Current digital human studies focusing on lip-syncing and body movement are no longer sufficient to meet the growing industrial demand, while human video generation techniques that support interacting with real-world environments (e.g., objects) have not been well investigated. Despite human hand synthesis already being an intricate problem, generating objects in contact with hands and their interactions presents an even more challenging task, especially when the objects exhibit obvious variations in size and shape. To tackle these issues, we present a novel video Reenactment framework focusing on Human-Object Interaction (HOI) via an adaptive Layout-instructed Diffusion model (Re-HOLD). Our key insight is to employ specialized layout representation for hands and objects, respectively. Such representations enable effective disentanglement of hand modeling and object adaptation to diverse motion sequences. To further improve the generation quality of HOI, we design an interactive textural enhancement module for both hands and objects by introducing two independent memory banks. We also propose a layout adjustment strategy for the cross-object reenactment scenario to adaptively adjust unreasonable layouts caused by diverse object sizes during inference. Comprehensive qualitative and quantitative evaluations demonstrate that our proposed framework significantly outperforms existing methods.
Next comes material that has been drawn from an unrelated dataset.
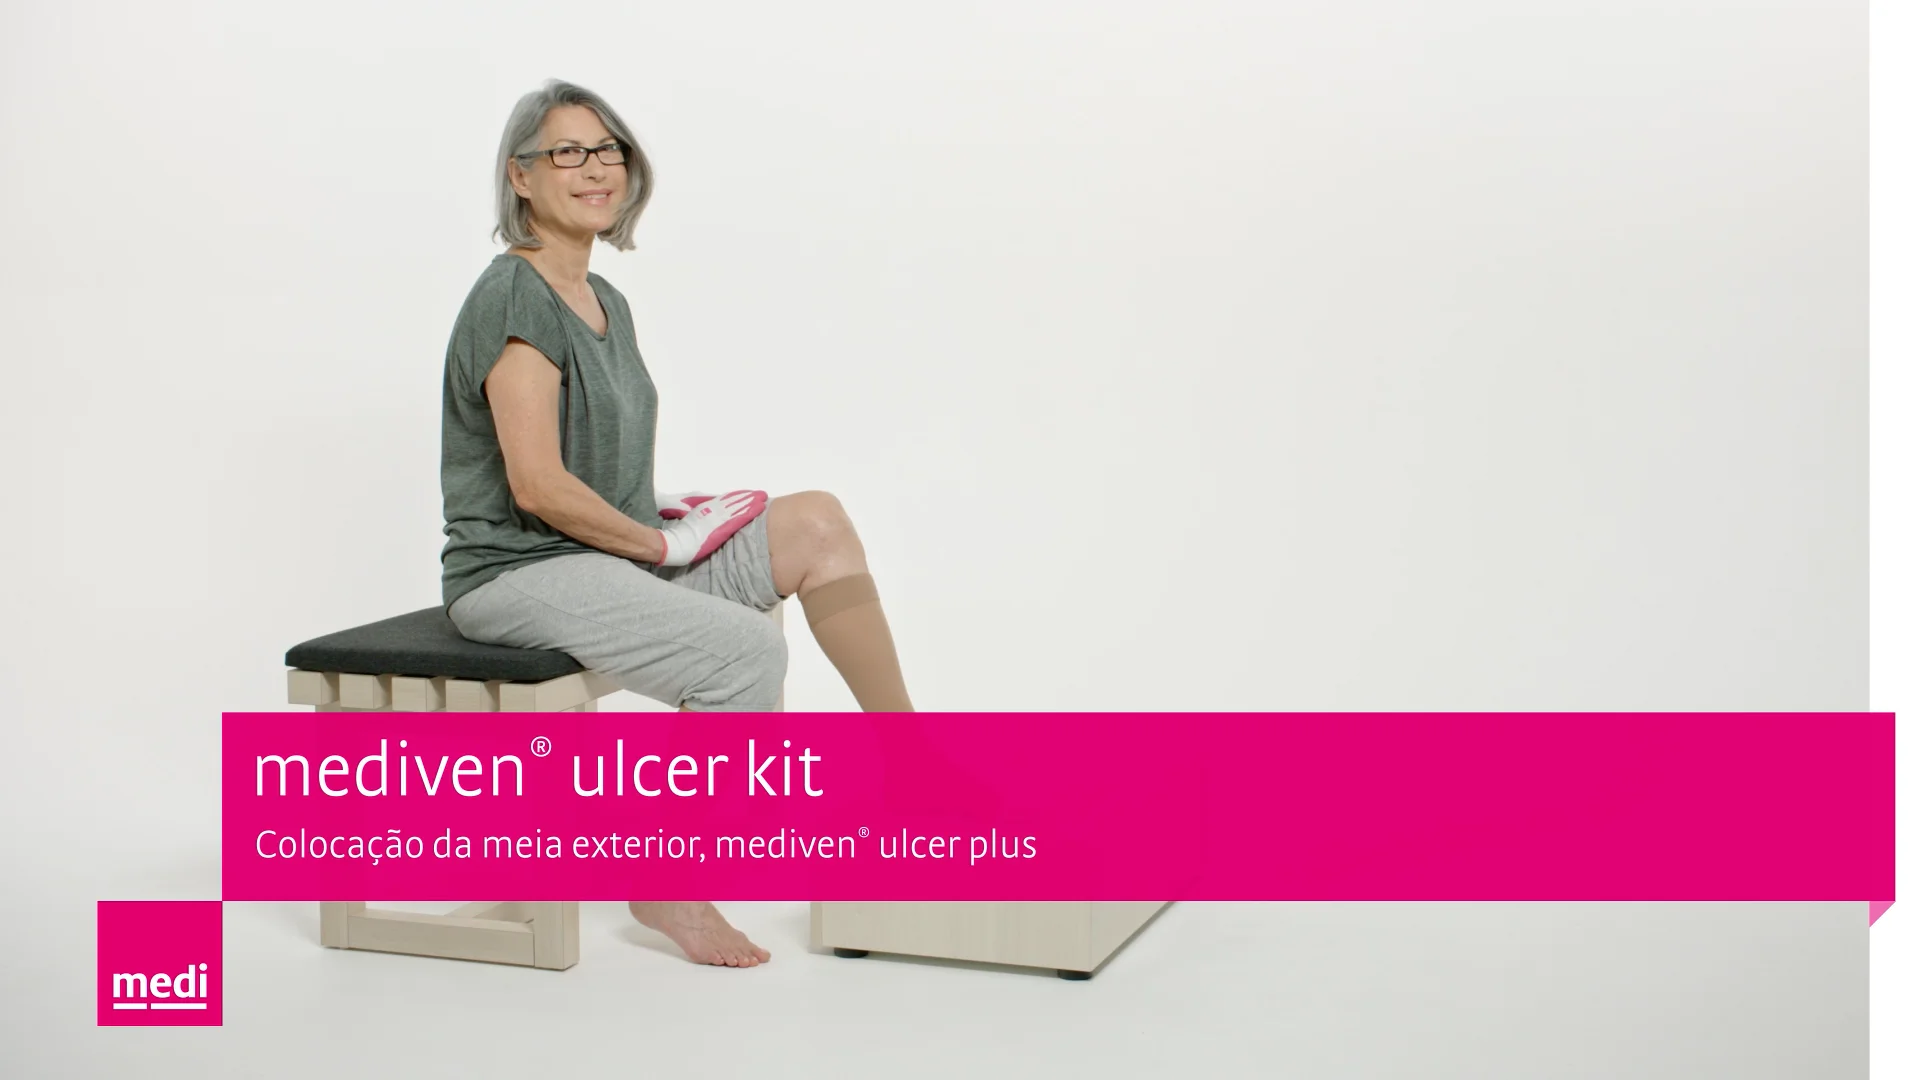 mediven® ulcer kit – Colocação da meia exterior, mediven® ulcer plus on  Vimeo

Project page: https://fyycs.github.io/Re-HOLD.

Paper Structure

This paper contains 14 sections, 4 equations, 5 figures, 3 tables.

Figures (5)

  • Figure 1: Cross-Reenactment Results by our Re-HOLD framework. Given a driving video and a target object, Re-HOLD can synthesize high-fidelity Human-Object Interaction (HOI) videos, even when the sizes of the target and original object differ significantly.
  • Figure 2: Overview of our proposed Re-HOLD framework. We propose a two-branch framework that consists of a Reference U-Net and a Denoising U-Net. The Reference U-Net takes a reference object image for object texture encoding while the denoising one takes noise latent and layout guidance as input for diffusion processing. To enhance the quality of HOI generation, we adopt the HOI Restoration Module for hand information and fine-grained object information restoration.
  • Figure 3: Schematic diagram of adaptive layout adjustment.
  • Figure 4: Qualitative results compared with other methods. Our approach achieves high-fidelity HOI details and satisfactory image quality in both self-reenactment and cross-object reenactment settings.
  • Figure 5: Qualitative ablation results of cross-reenactment when removing different components in our framework.